• [Aim of the exercise]: The answer is the full listing restated exactly, without any pictures.
#### Supplied material ####
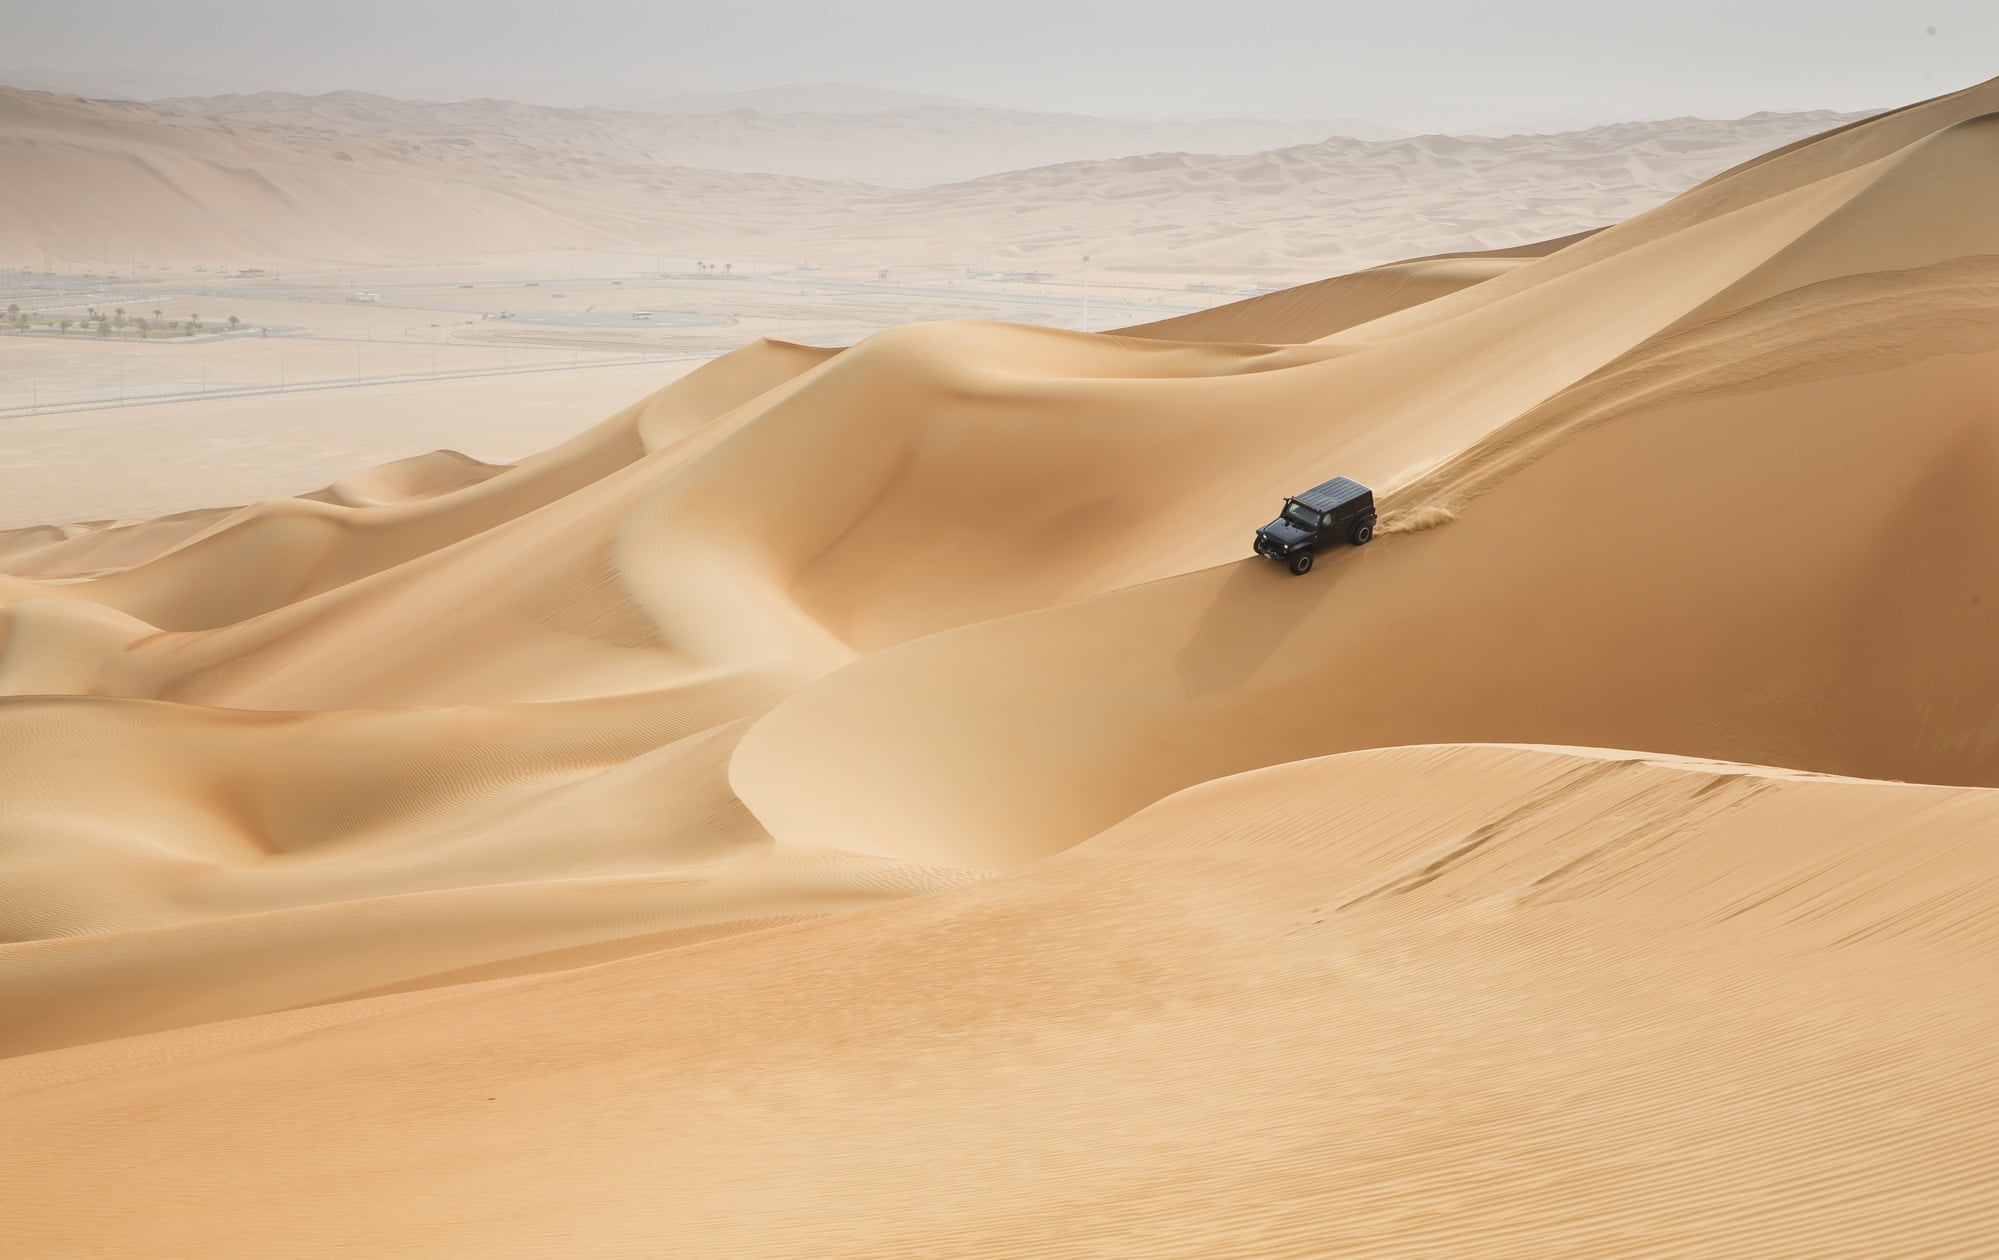 De smukkeste ørkener i verden. Egypten. Pyramider og Ankh. Al Safen, Oman, Omani men at a camel race in a countryside. 4W car driving in Rub al Khali Desert at the Empty Quarter, in Abu Dhabi, United Arab Emirates
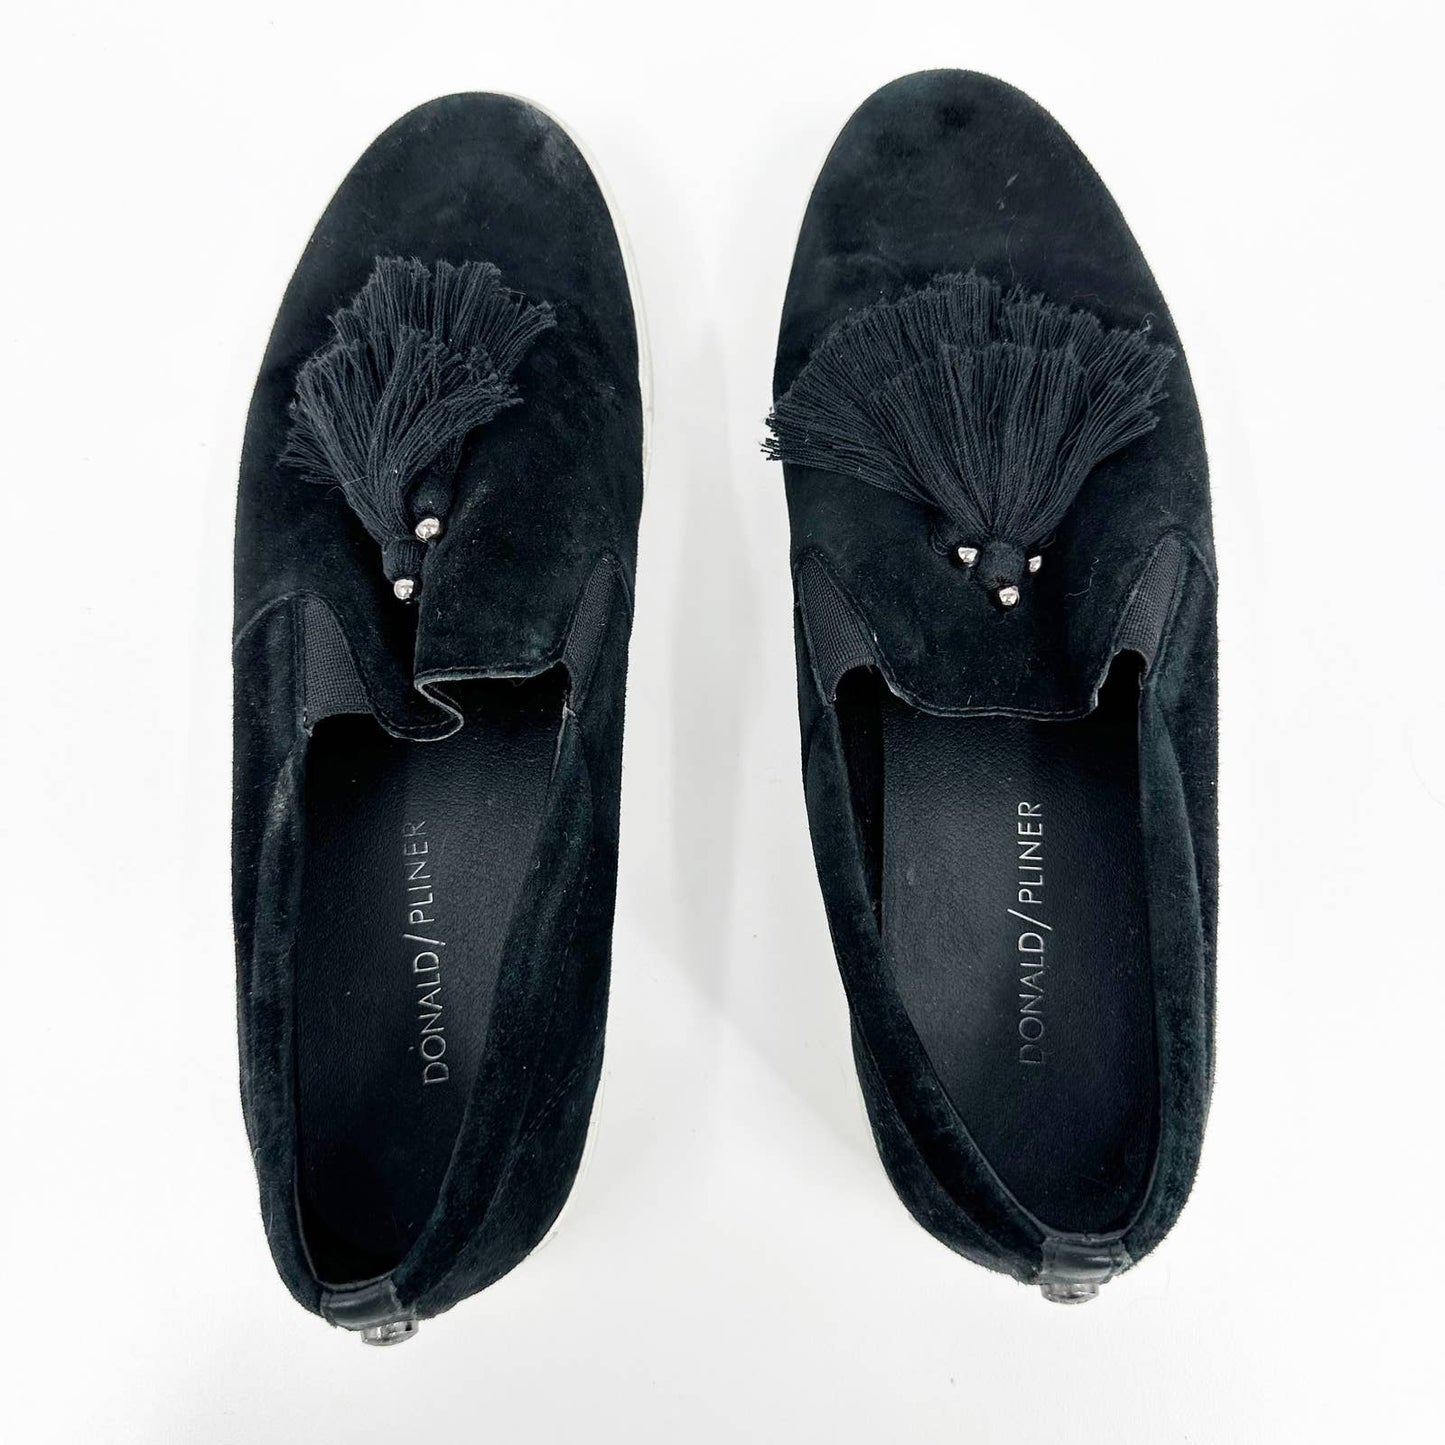 Donald Pliner Sallie Tassel Suede Slip On Sneakers Shoes Black 8.5
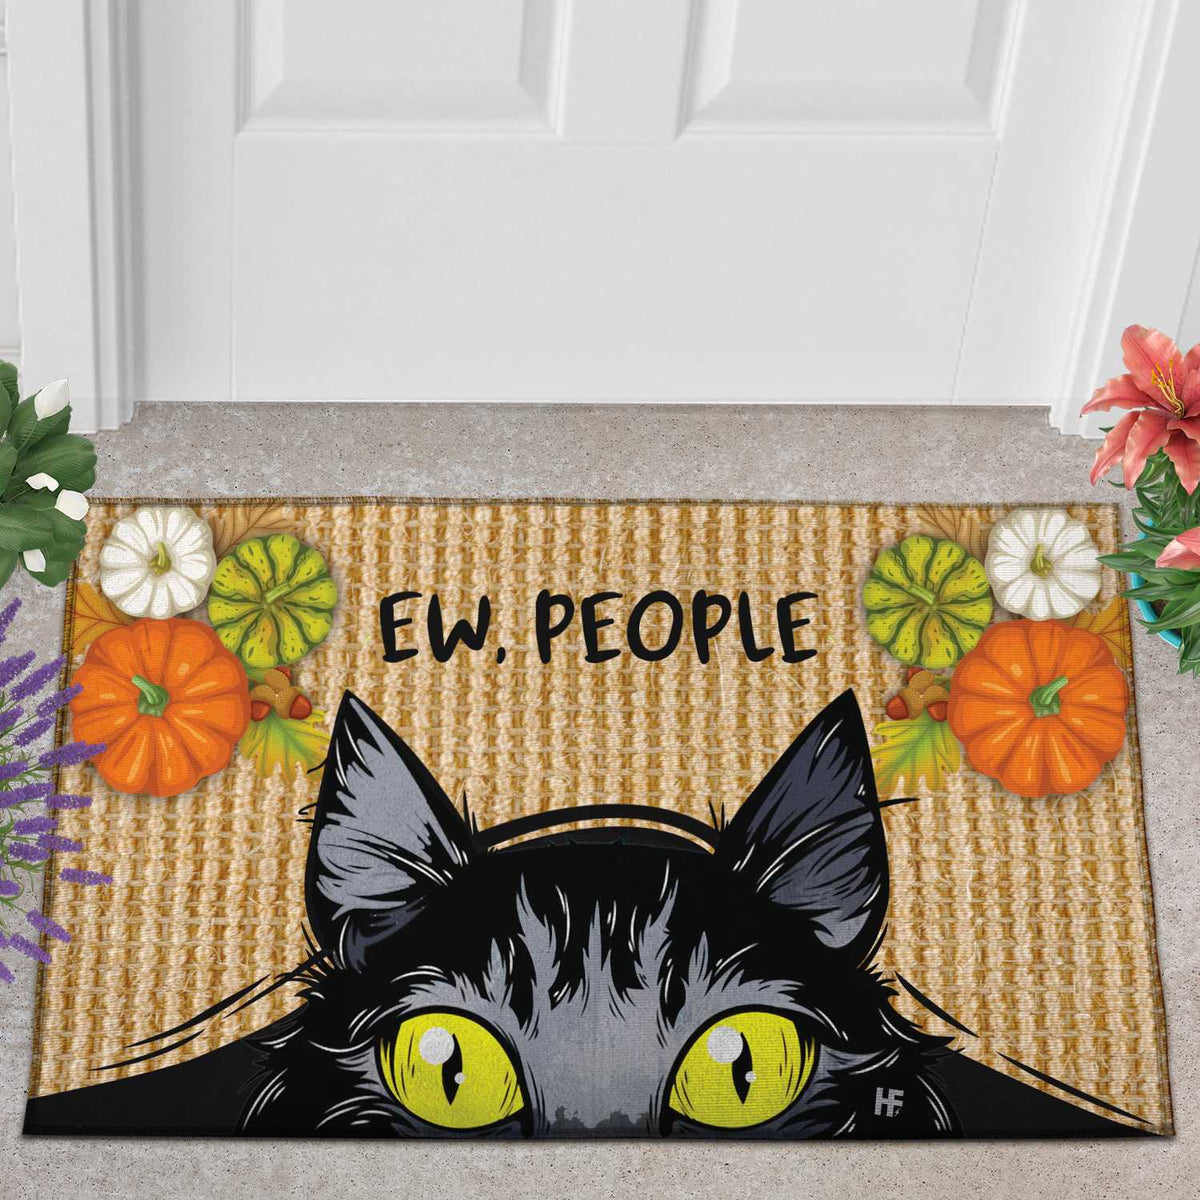 Ew People Cat Door Mats Home Decor
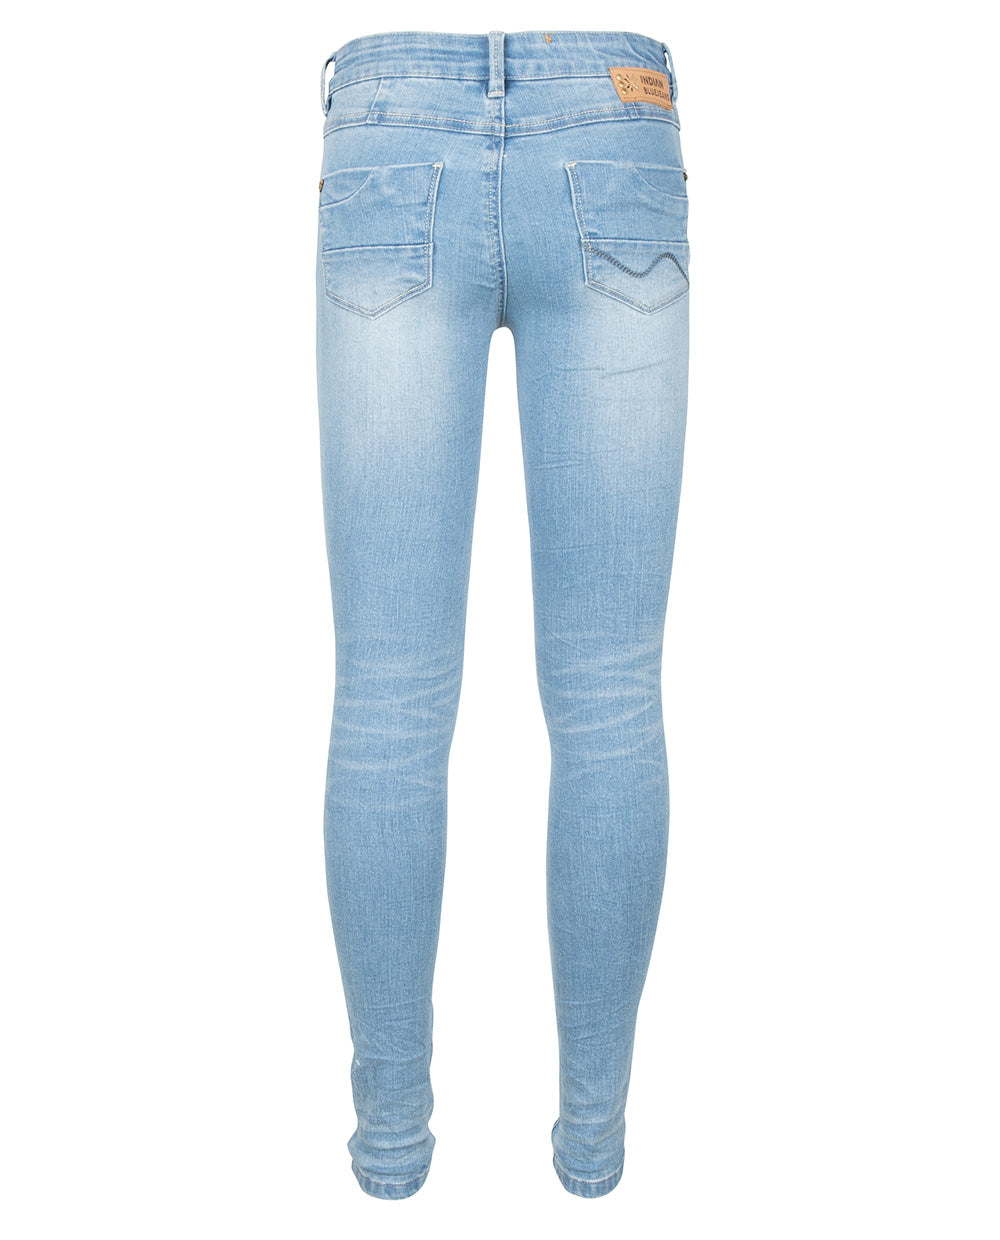 Meisjes Blue Jill Flex Skinny Fit van Indian Blue Jeans in de kleur Medium Denim in maat 176.
####
• [Result of the exercise]:
 De smukkeste ørkener i verden. Egypten. Pyramider og Ankh. Al Safen, Oman, Omani men at a camel race in a countryside. 4W car driving in Rub al Khali Desert at the Empty Quarter, in Abu Dhabi, United Arab Emirates
 Donald Pliner Sallie Tassel Suede Slip On Sneakers Shoes Black 8.5
 Ew People Cat Door Mats Home Decor
 Meisjes Blue Jill Flex Skinny Fit van Indian Blue Jeans in de kleur Medium Denim in maat 176.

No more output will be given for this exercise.